Once you've established the type of venue, let the city and county convention and visitors bureaus (CVBs) do the work, counsels Ms. Gonzalez. "Whether your meeting is large or small, CVB convention specialists are eager to develop your RFP [request for proposal] and send it to all the appropriate hotels on your behalf."

Involving CVBs is a top priority for executives such as Mr. Rivas. "Engage the CVB 100 percent from beginning to end," he says. "How much support they provide depends on how much I ask. Working with a CVB means I can always reach a real person to solve problems."

As the Hispanic meetings market grows, more CVBs are hiring Hispanic and multicultural convention specialists. "That makes my job even easier," says Mr. Rivas, "because they have the right contacts for the special decor, food, and entertainment Hispanic attendees prefer."

Says Mr. Bao: "Always establish a theme, even for a cut-and-dried accounting conference. A theme makes it easier for the attendees to remember what the organizers want them to achieve and what they've learned."

When a major U.S. company turned to Mr. Bao to fulfill its meeting objective of establishing cohesion between the technical support and sales staffs, his "In Tandem" theme brought the concept to life for the attendees. Through sports such as tandem bicycle riding, Mr. Bao cemented a camaraderie between the sales and tech support people.
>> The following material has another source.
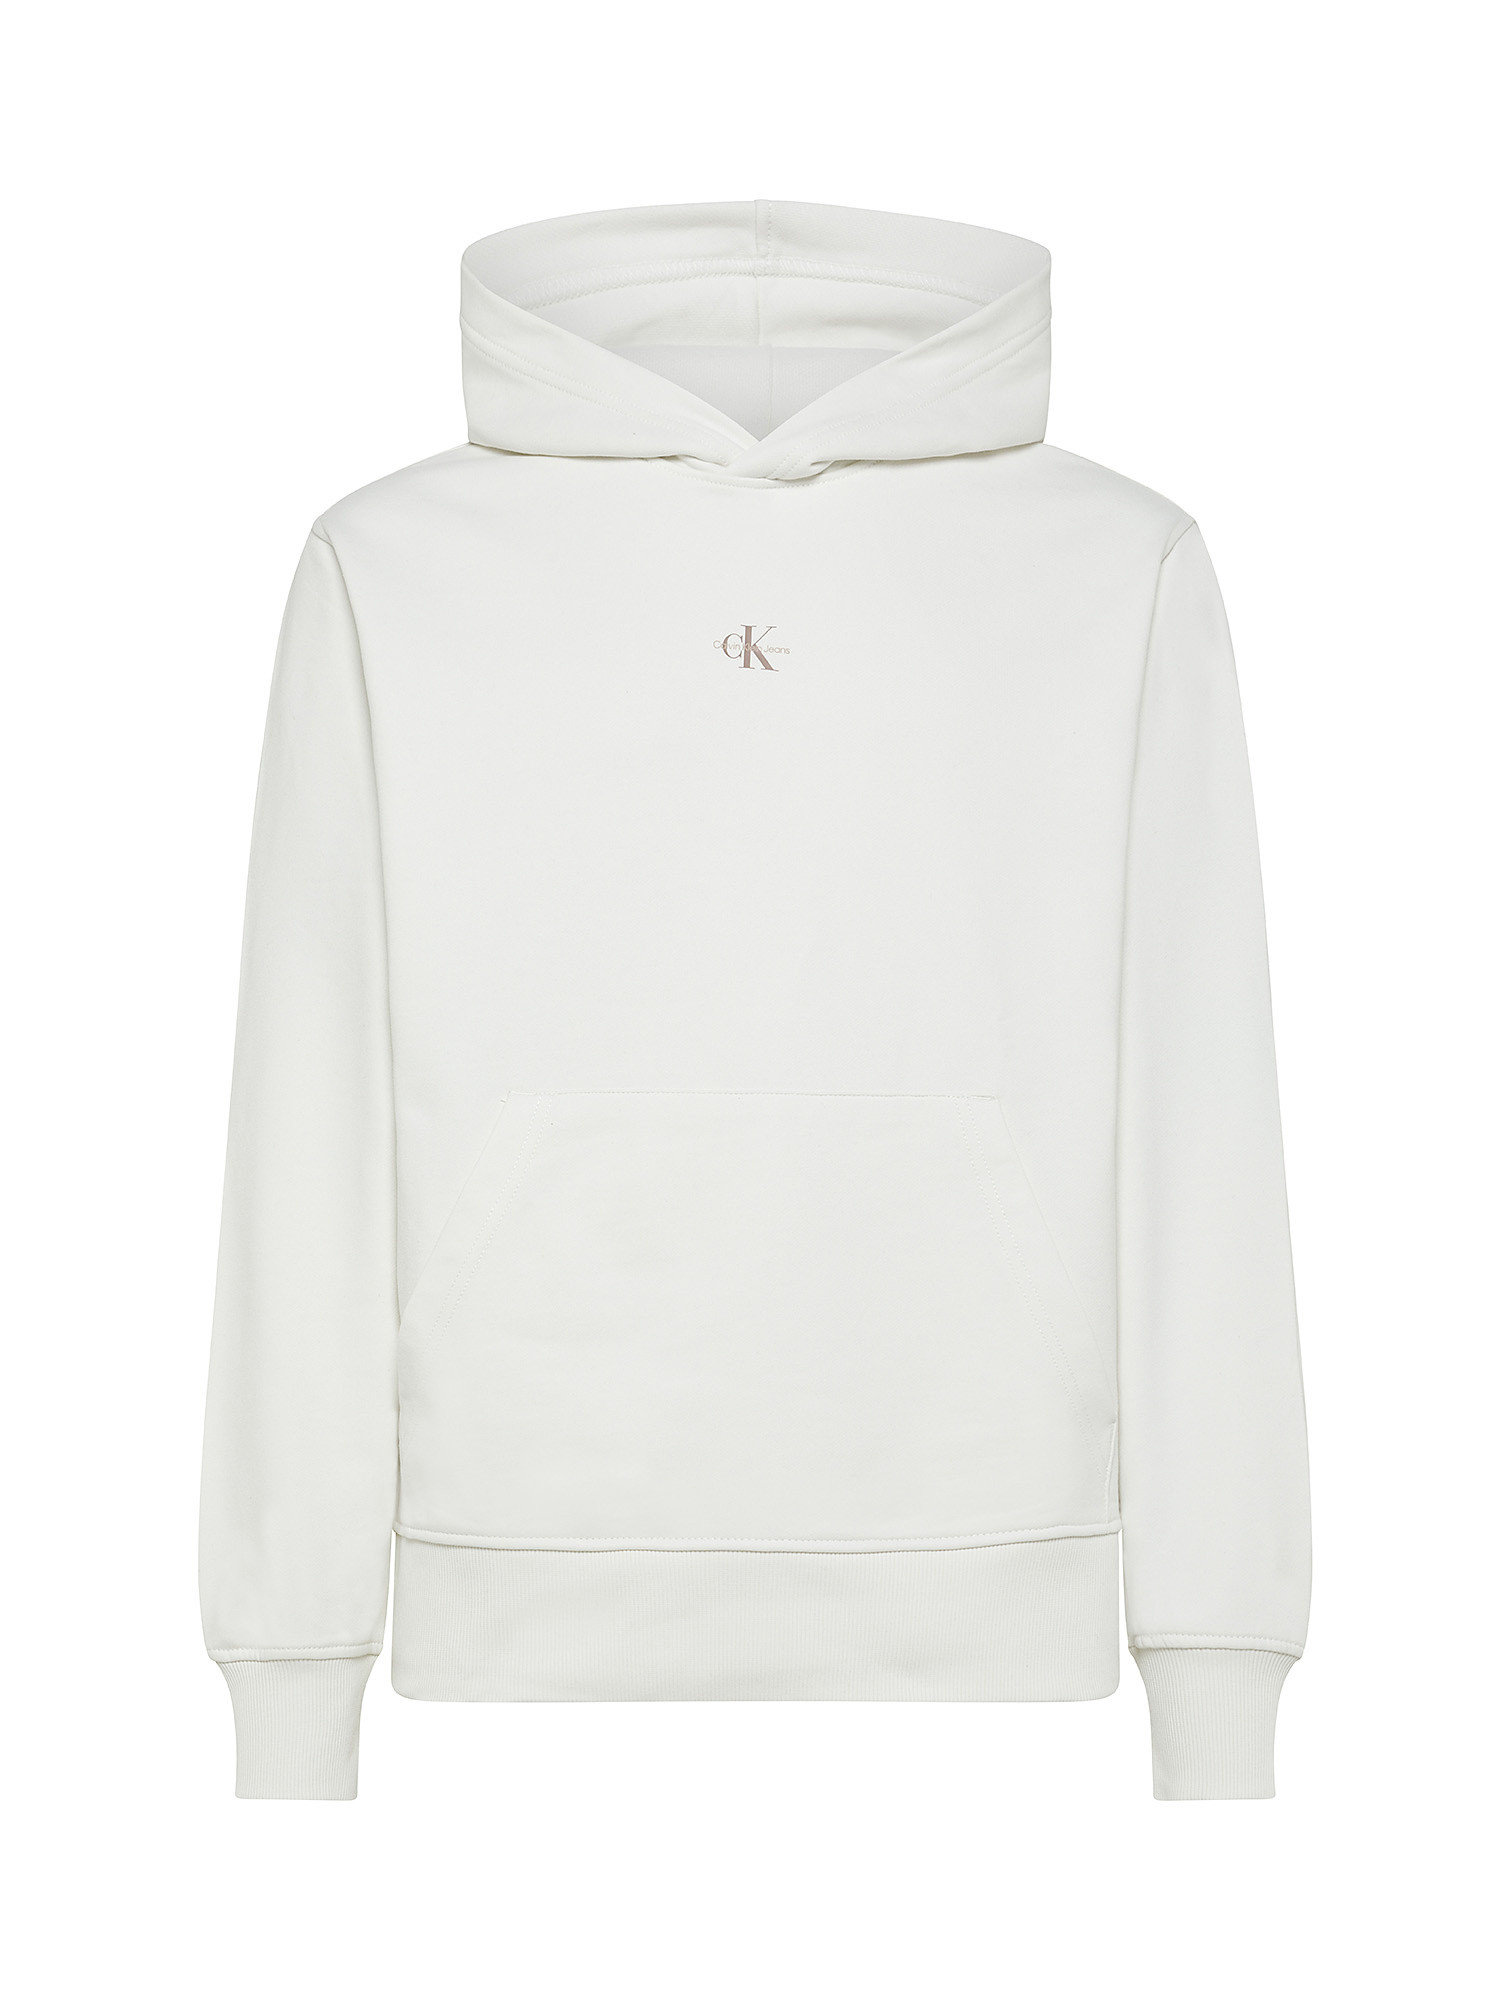 Calvin Klein Jeans -  Cotton hooded sweatshirt with logo, White, large image number 0

"Entertainment educates," agrees Charles "Chet" Towle, senior producer and senior designer of Charles C Production Group of Newport Beach, California, who, like Mr. Bao, stages mega-events for major corporations and movie studios. "People have a 10 percent retention rate for the spoken word, but a 30 percent retention rate for visuals. Add entertainment, and the retention rate soars to 60 or 70 percent," he says.

Rather than arranging a lecture on how to sell the spa products of an international cosmetics giant, Mr. Towle created a lavish stage production that entertained and informed the sales force audience. Performers in costume, holding trays of candles, danced out the joys of using and selling the new line. "[Sales reps] couldn't wait to sell the product," he says.

In today's economic climate, how can you save money and still please the attendees, especially if they've enjoyed lavish conferences in the past?

Linda Mansouria, president of San Francisco–based Make It Happen, a meeting, event, and incentive company, reduces food and beverage expenditures to everyone's advantage.

For smaller meetings, she suggests replacing full breakfasts with continental fare or just coffee and tea. "If the venue has good restaurants or there are restaurants nearby, schedule the morning meetings a bit later so delegates can enjoy breakfast on their own. You can also expand the lunch break from one hour to 90 minutes to let the attendees eat on their own."

A cost-saving trick for larger conferences is to provide the food but have delegates pay for it.

"Turn lunchtime into a peer-to-peer, brownbag learning experience," recommends Ms. Mansouria. "Advertise the lunch in advance as a roundtable discussion. Create different topics at each table moderated by a facilitator. Delegates can then buy a box lunch and sit at the table that interests them."